Gemeinwesenarbeit und das Nachwuchsmusikfestival “Rockende Eiche“ sind wichtige Bestandteile der Arbeit. Träger des Jugendkulturzentrums „KULTI“ ist die Hoffnungstaler Stiftung Lobetal. Das einzigartige Festival in der Region kann nur mit der Unterstützung von ehrenamtlichen Helfern, Spendern und Sponsoren, wie der Sparkasse Barnim und der Firma TZMO Deutschland GmbH mit Sitz in Biesenthal durchgeführt werden.

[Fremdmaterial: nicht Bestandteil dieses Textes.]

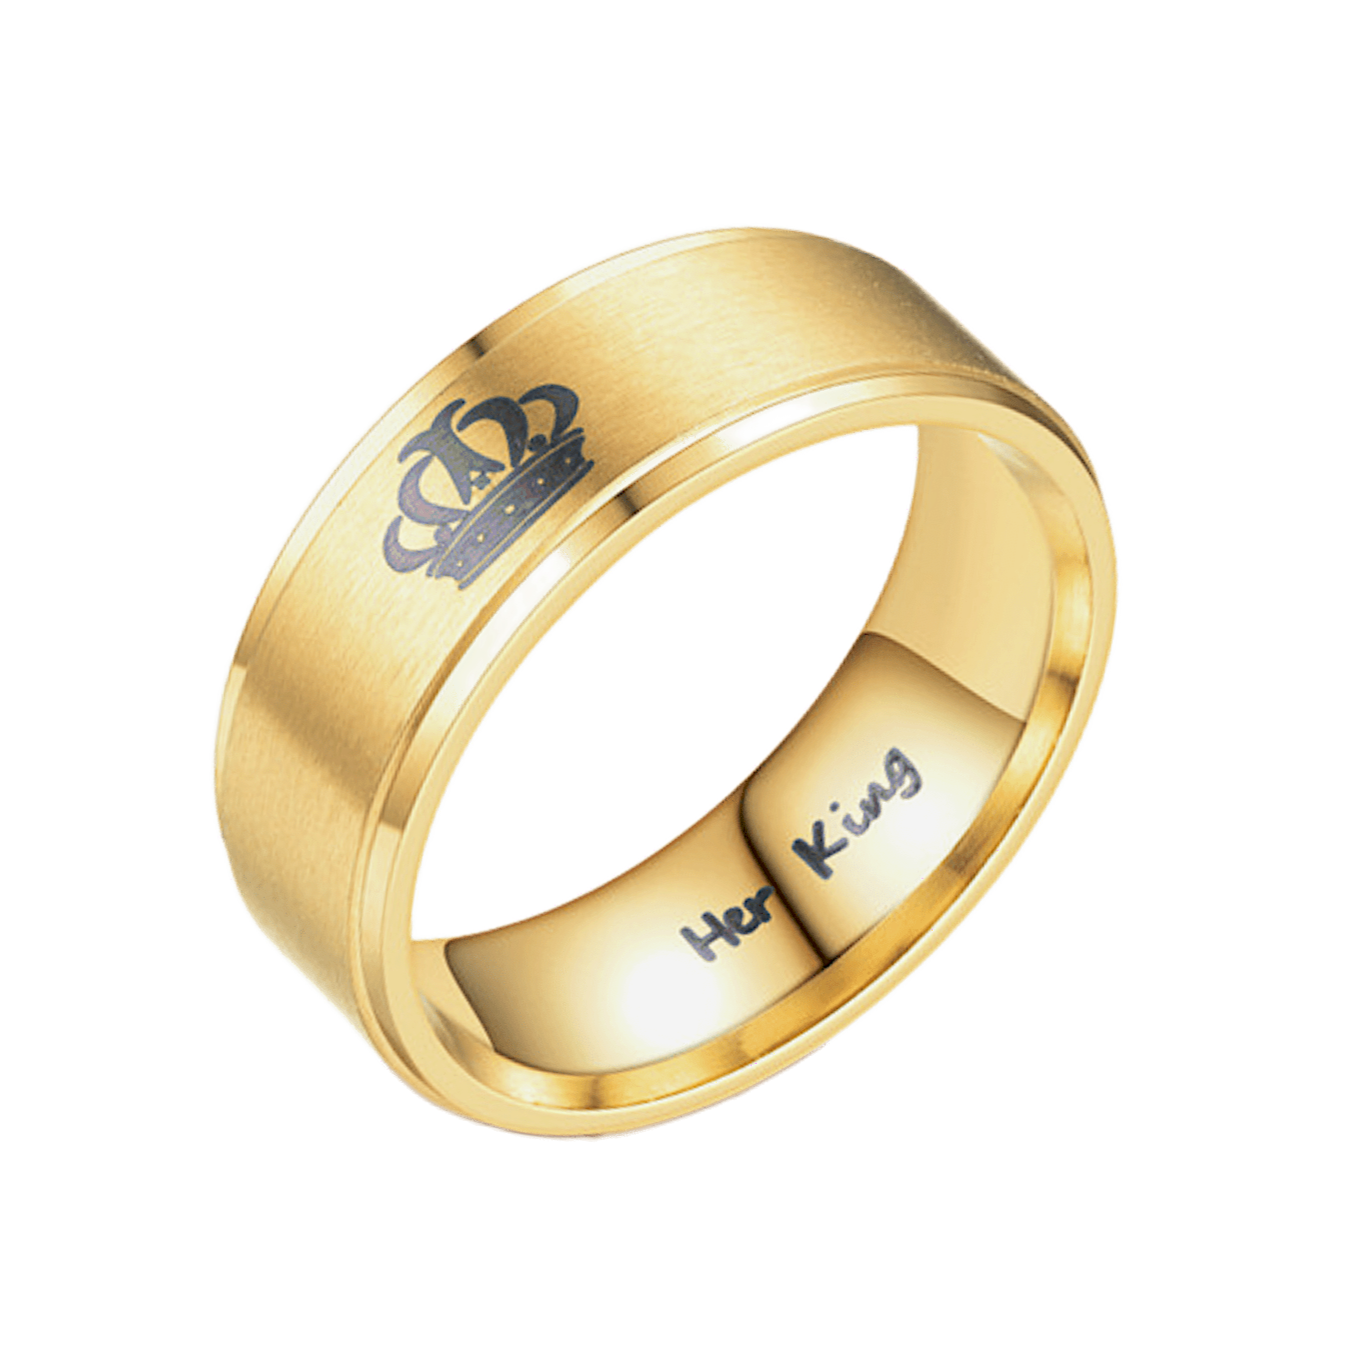 Bague anneau acier doré gravure couronne royale. Détails produit : Couleur or. Acier doré. Gravure de couronne.

Der Landkreis Barnim und die Stadt Biesenthal fördern und ermöglichen dieses alljährliche Projekt seit nunmehr 17 Jahren, so Stephan Bertheau von der Hoffnungstaler Stiftung Lobetal.

Kunst an der Wehrmühle

Nur ein Stück weiter entfernt, wurde an der Wehrmühle im Rahmen der „Art Biesenthal“ zur Vernissage geladen. Zahlreiche Gäste fanden den Weg zum Wehrmühlenweg und philosophierten über Kunst, Architektur, Umwelt und Nachhaltigkeit.

Zudem lud die parkähnliche Anlage hinter der Mühle zum sommerlichen Verweilen ein. Wer mag und möchte, die Ausstellung ist noch bis zum 29. September geöffnet. Jeweils Mittwochs bis Sonntag von 13-19 Uhr.

Auch eine Art Kunst bot sich am Wochenende am Eulenberg zu den Japan Days und beim Sommerfest der Wokule e.V. am kleinen Wukensee.

Bereits zum 13. Mal trafen sich Liebhaber und solche die es werden wollen, zum großen Tuningtreffen für japanische Fahrzeuge in Biesenthal. Mit allerlei Fachsimpelei oder kleineren Wettkämpfen, wie etwas das Felgen-Stemmen, genossen Tuningfans das Wochenende in fast schon familiärer Runde. Neben einer Hüpfburg für die Kleinen wurde gegrillt, Musik gehört oder einfach nur entspannt.

„Alternativ“ verzauberte der Verein Wokule e.V. am Samstag seine Gäste und lud an der Uhlandstraße zum alternativen Sommerfest ein. Aus dem Wald heraus schallte bis in den frühen Sonntagmorgen Musik und Lichtinstallationen ließen das Vereinsgelände und den Kleinen Wukensee leuchten.